Notification/Approval of MorphoSys. With respect to the COMPANY Territory, COMPANY shall have the right to grant sublicenses without MorphoSys’ prior approval, provided, however, that COMPANY shall promptly notify MorphoSys after granting a sublicense to any Third Party other than an Affiliate and shall provide MorphoSys with a copy of each such Sublicense Agreement with a Third Party within [***] calendar days for the sole purpose of verifying whether the Sublicense Agreement is in accordance with this Agreement. Such copy may be redacted as COMPANY may reasonably determine with respect to sensitive financial information and confidential information solely relating to matters or products other than Products or Licensed Antibody.
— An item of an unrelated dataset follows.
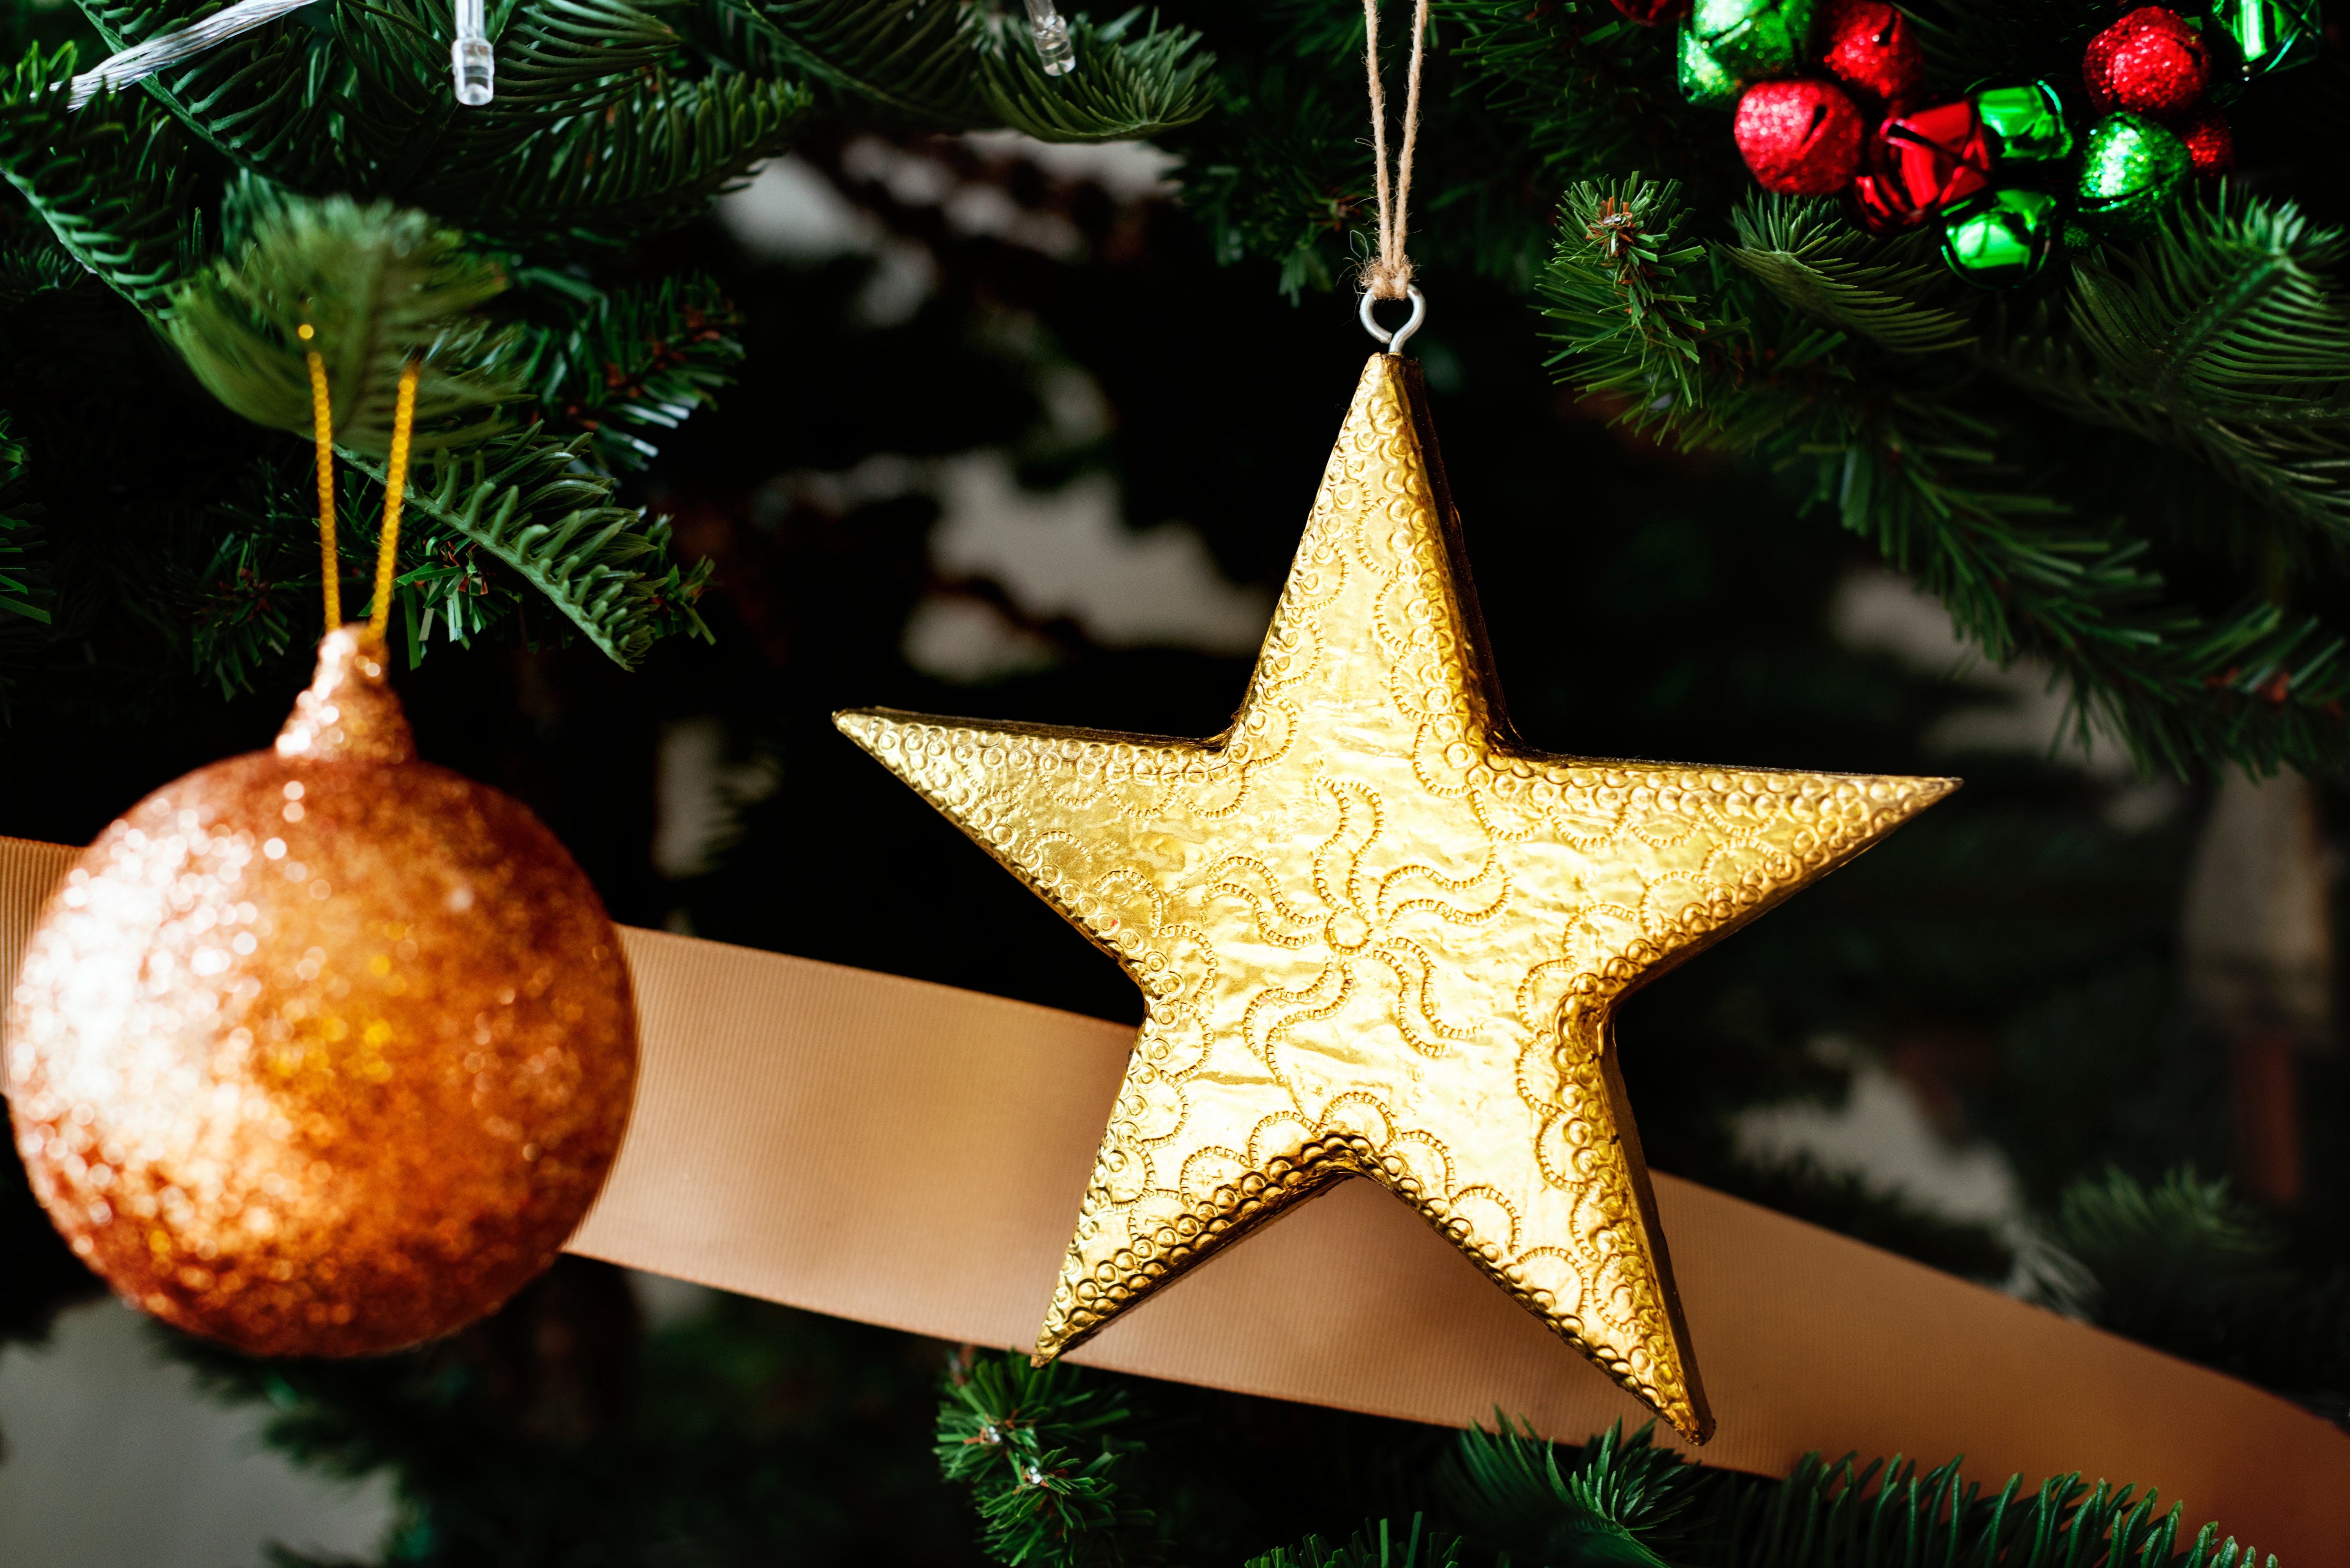 Memorable family Christmas on a budget-star ornament and Christmas decor

MorphoSys shall ensure that no information of such copy is disclosed to any Third Party other than a counsel of MorphoSys, except solely to the extent required by applicable Laws (provided that MorphoSys shall provide COMPANY with notice sufficient to allow COMPANY to seek a protective order, and that MorphoSys shall only disclose such portion of such Sublicense Agreement as required) or to assert MorphoSys’ rights under this Agreement (with any further redactions COMPANY requests that are consistent with the legal requirement, or sufficient for MorphoSys to assert MorphoSys’ rights under this Agreement, meaning, that – with respect to the latter – COMPANY shall not expand such redactions in a way that limits MorphoSys’ ability to assert its rights hereunder). The preceding sentence does not limit the right of MorphoSys to notify Xencor of sublicenses granted by COMPANY and to provide Xencor with a copy of such Sublicense Agreement in accordance with Section 2.3 and Section 2.5(b), redacted as provided above. With respect to the Co-Commercialization Territory, any grant of a sublicense shall require the prior written approval of MorphoSys. For clarity, Sublicense Agreements of COMPANY with its Affiliates shall be consistent with this Agreement.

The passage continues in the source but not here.